Patchwork ext4: Fix warning in ext4_evict_inode()

login
register
mail settings
Submitter Jan Kara
Date July 9, 2013, 7:51 p.m.
Message ID <1373399484-10406-1-git-send-email-jack@suse.cz>
Download mbox | patch
Permalink /patch/257863/
State Accepted
Headers show

Comments

Jan Kara - July 9, 2013, 7:51 p.m.
The following race can lead to ext4_evict_inode() seeing i_ioend_count
> 0 and thus triggering a sanity check warning:

        CPU1                                    CPU2
ext4_end_bio()                          ext4_evict_inode()
  ext4_finish_bio()
    end_page_writeback();
                                          truncate_inode_pages()
                                            evict page
                                        WARN_ON(i_ioend_count > 0);
  ext4_put_io_end_defer()
    ext4_release_io_end()
      dec i_ioend_count

This is possible use-after-free bug since we decrement i_ioend_count in
possibly released inode.

Since i_ioend_count is used only for sanity checks one possible solution
would be to just remove it but for now I'd like to keep those sanity
checks to help debugging the new ext4 writeback code.
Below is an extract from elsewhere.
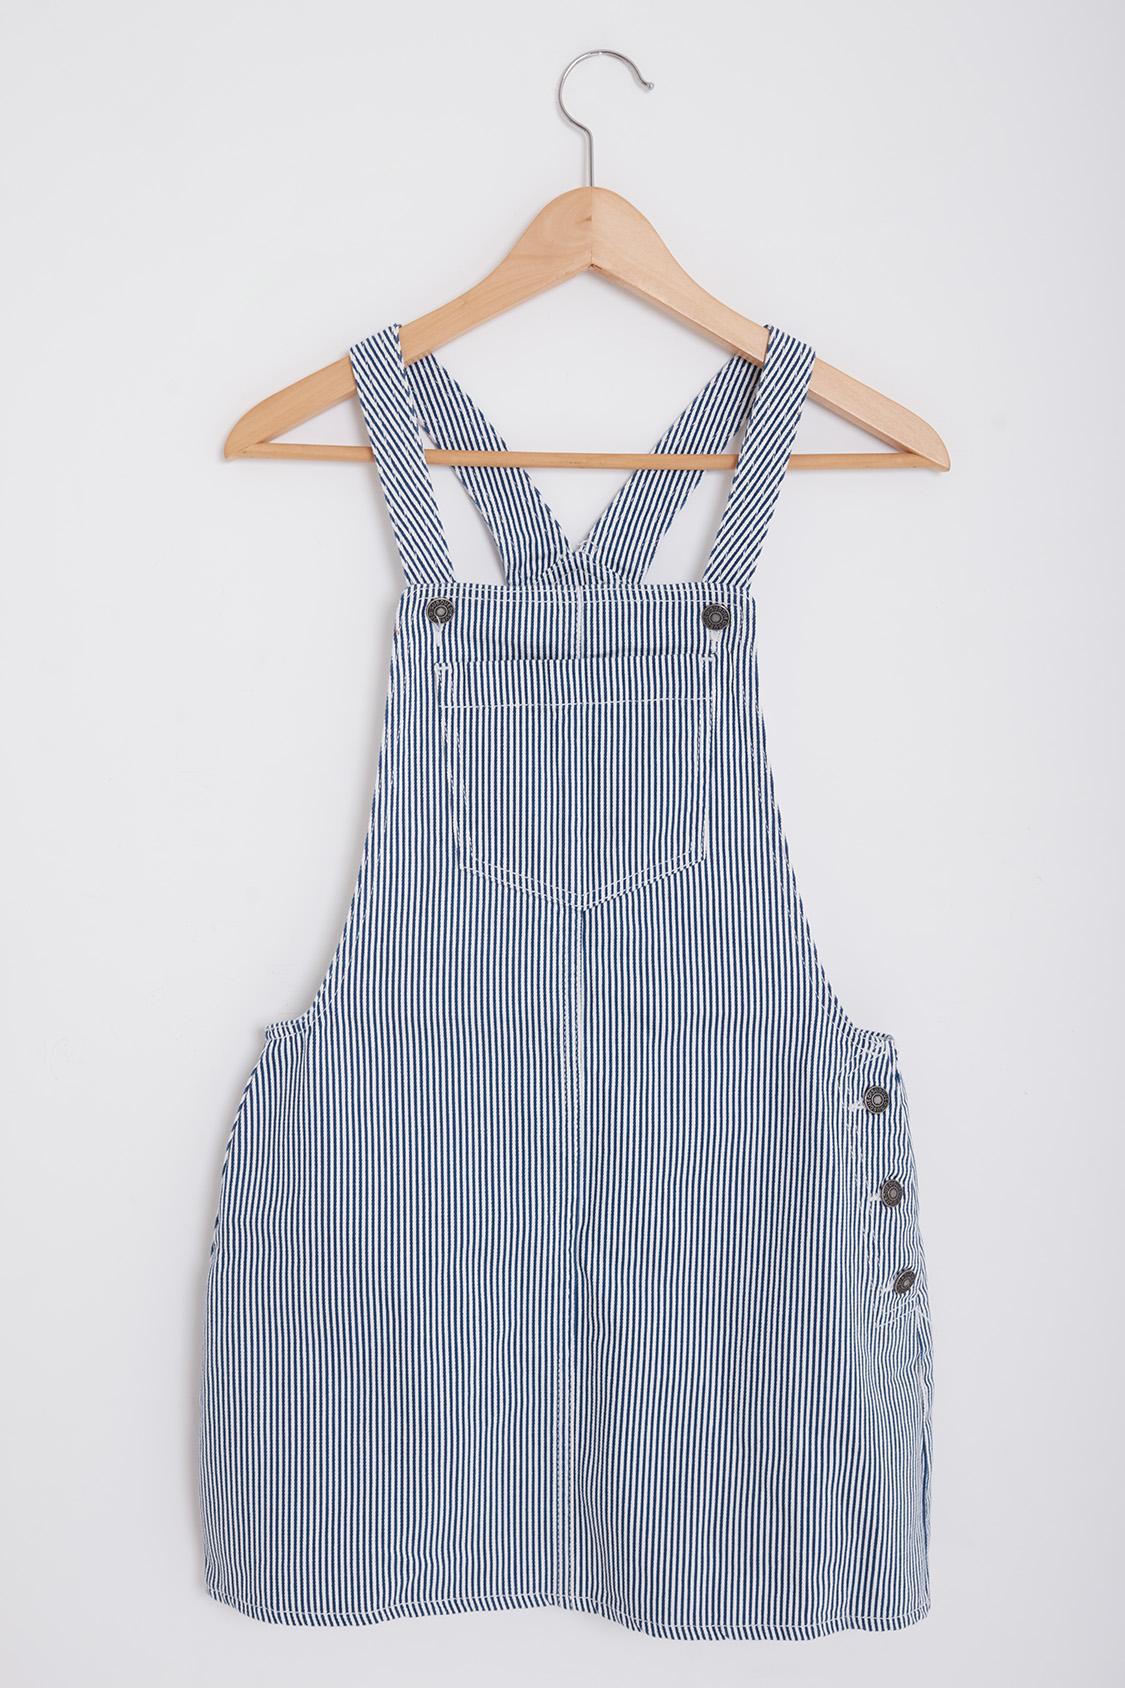 Striped dungaree dress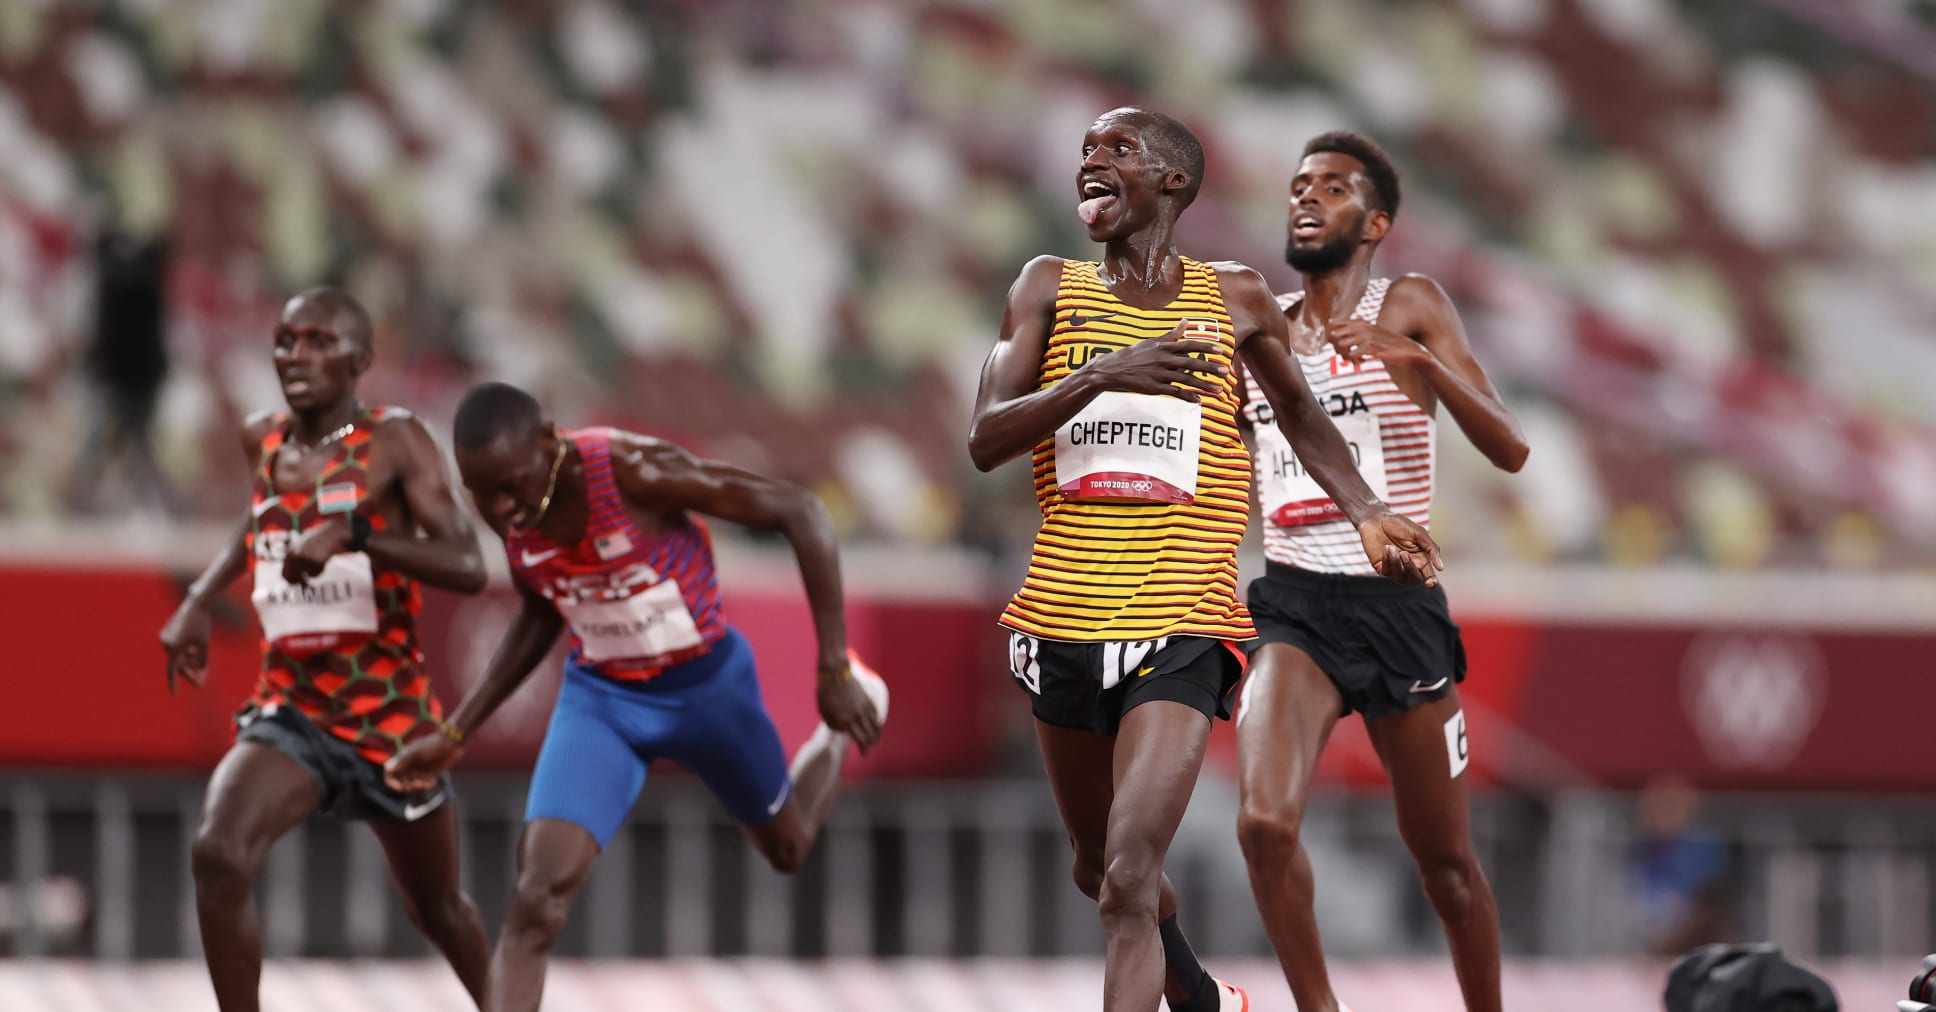 Kenya keeps dominating the world in track athletics

This patch changes ext4_end_bio() to call ext4_put_io_end_defer() before
ext4_finish_bio() in the shortcut case when unwritten extent conversion
isn't needed. In that case we don't need the io_end so we are safe to
drop it early.

Reported-by: Guenter Roeck <linux@roeck-us.net>
Signed-off-by: Jan Kara <jack@suse.cz>
---
 fs/ext4/page-io.c | 32 +++++++++++++++++++-------------
 1 file changed, 19 insertions(+), 13 deletions(-)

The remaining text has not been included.